Replacing Invariant Sections with translations requires special
permission from their copyright holders, but you may include
translations of some or all Invariant Sections in addition to the
original versions of these Invariant Sections. You may include a
translation of this License, and all the license notices in the
Document, and any Warranty Disclaimers, provided that you also include
the original English version of this License and the original versions
of those notices and disclaimers. In case of a disagreement between
the translation and the original version of this License or a notice
or disclaimer, the original version will prevail.
If a section in the Document is Entitled “Acknowledgements”,
“Dedications”, or “History”, the requirement (section 4) to Preserve
its Title (section 1) will typically require changing the actual
title.
TERMINATION
You may not copy, modify, sublicense, or distribute the Document except
as expressly provided for under this License. Any other attempt to
copy, modify, sublicense or distribute the Document is void, and will
automatically terminate your rights under this License. However,
parties who have received copies, or rights, from you under this
License will not have their licenses terminated so long as such
parties remain in full compliance.
FUTURE REVISIONS OF THIS LICENSE
The Free Software Foundation may publish new, revised versions
of the GNU Free Documentation License from time to time. Such new
versions will be similar in spirit to the present version, but may
differ in detail to address new problems or concerns. See
http://www.gnu.org/copyleft/.
Each version of the License is given a distinguishing version number.
If the Document specifies that a particular numbered version of this
License “or any later version” applies to it, you have the option of
following the terms and conditions either of that specified version or
of any later version that has been published (not as a draft) by the
Free Software Foundation. If the Document does not specify a version
number of this License, you may choose any version ever published (not
as a draft) by the Free Software Foundation.

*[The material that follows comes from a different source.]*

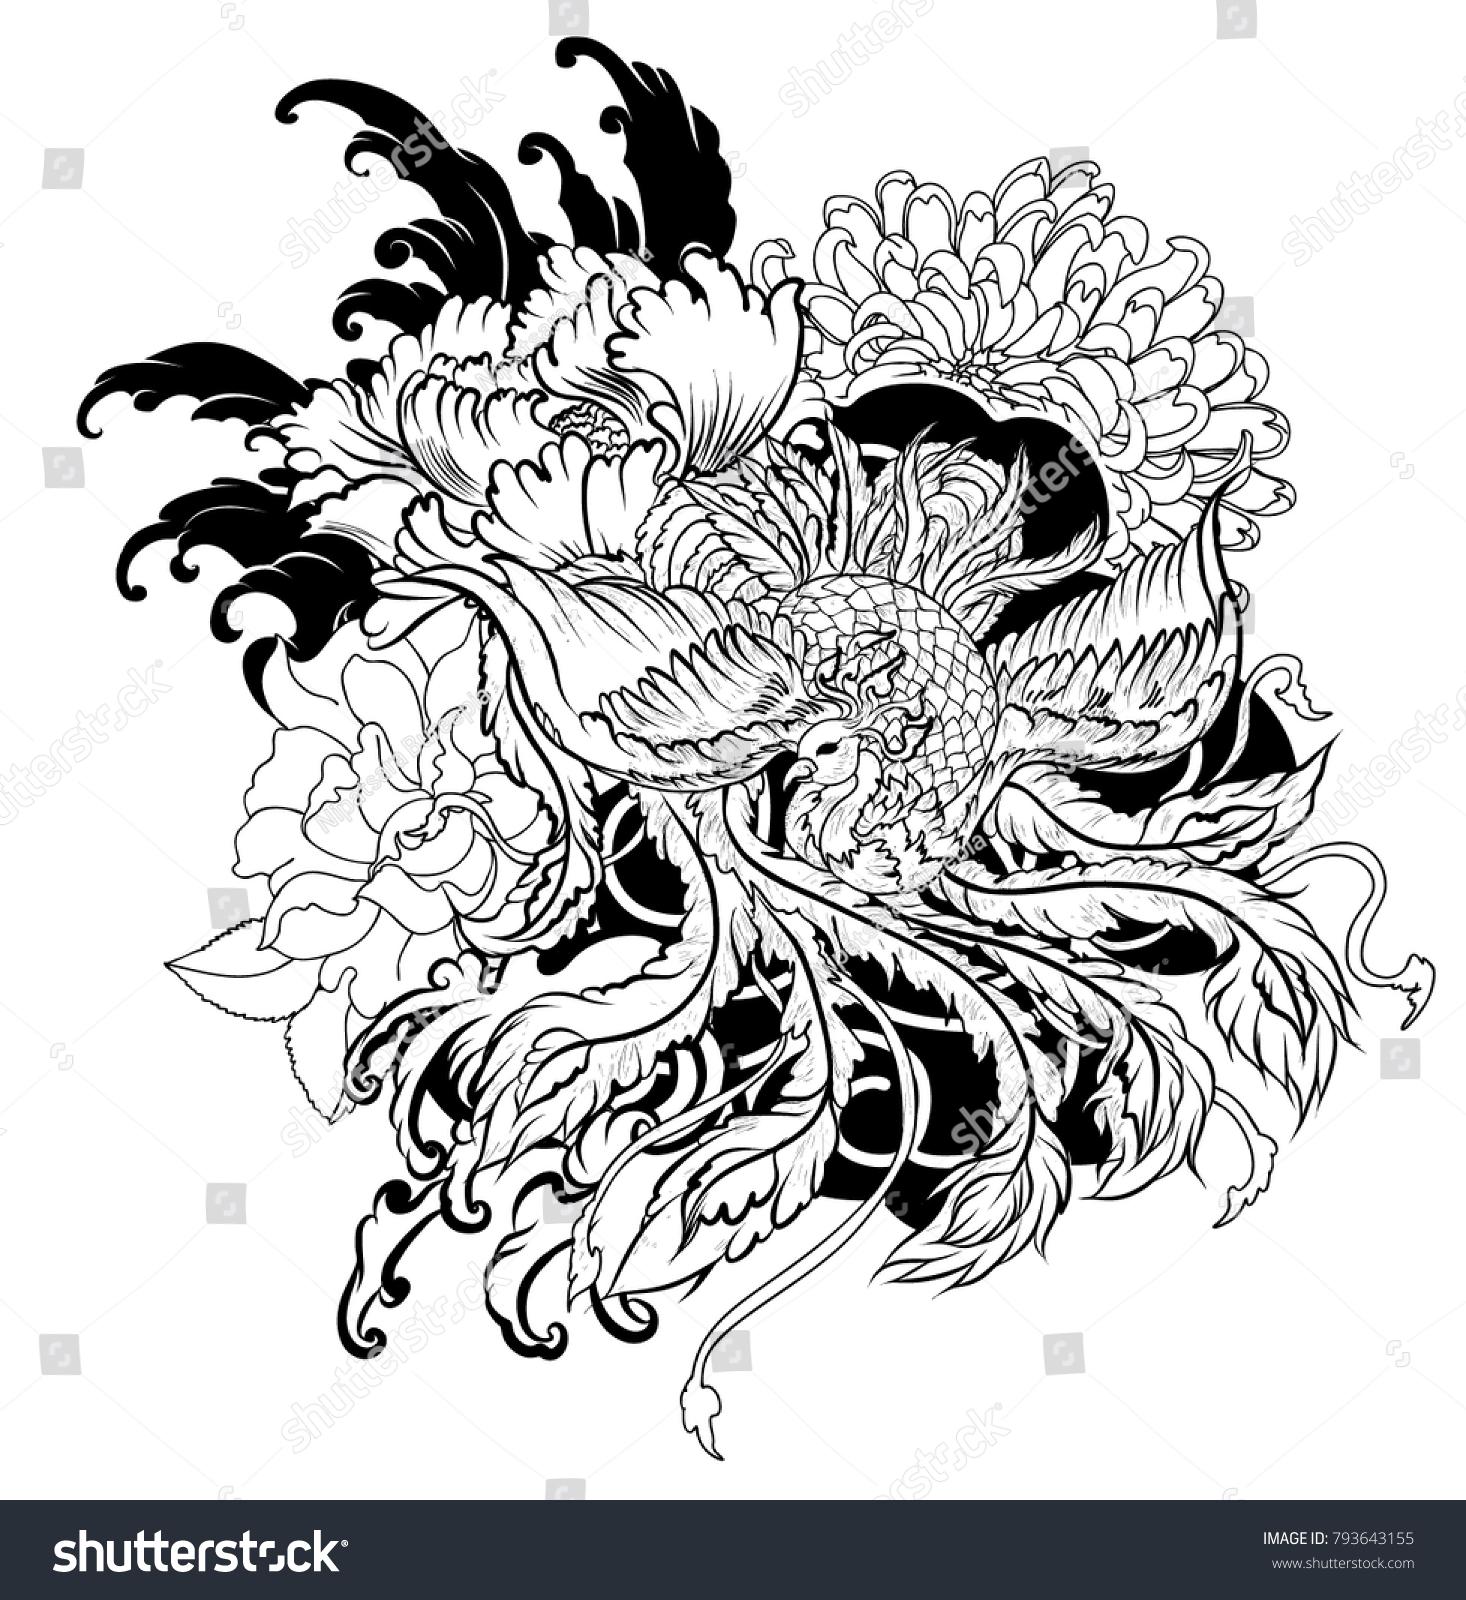 Black White Old Dragon Flower Tattoo Illustration Stock Vector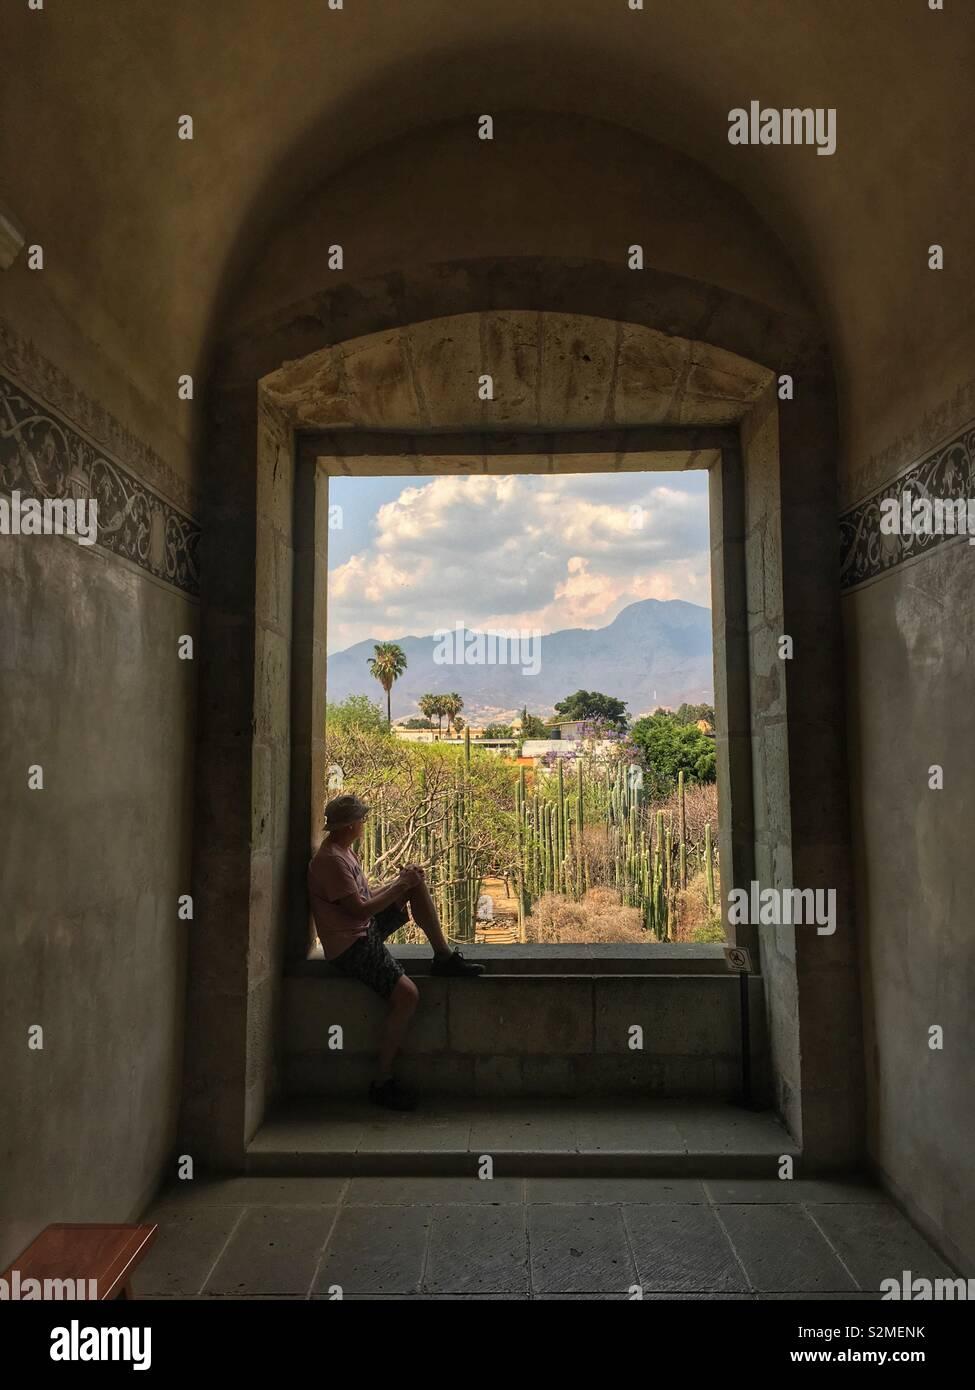 Hombre descansando en la ventana con vistas a los jardines del Museo de las Culturas de Oaxaca, Santo Domingo, la ciudad de Oaxaca, Oaxaca, México Imagen De Stock

D.1.1 ADDENDUM: How to use this License for your documents
To use this License in a document you have written, include a copy of
the License in the document and put the following copyright and
license notices just after the title page:
Copyright (C) yearyour name.
Permission is granted to copy, distribute and/or modify this document
under the terms of the GNU Free Documentation License, Version 1.2
or any later version published by the Free Software Foundation;
with no Invariant Sections, no Front-Cover Texts, and no Back-Cover
Texts. A copy of the license is included in the section entitled ``GNU
Free Documentation License''.
If you have Invariant Sections, Front-Cover Texts and Back-Cover Texts,
replace the “with...Texts.” line with this:
with the Invariant Sections being list their titles, with
the Front-Cover Texts being list, and with the Back-Cover Texts
being list.
If you have Invariant Sections without Cover Texts, or some other
combination of the three, merge those two alternatives to suit the
situation.
If your document contains nontrivial examples of program code, we
recommend releasing these examples in parallel under your choice of
free software license, such as the GNU General Public License,
to permit their use in free software.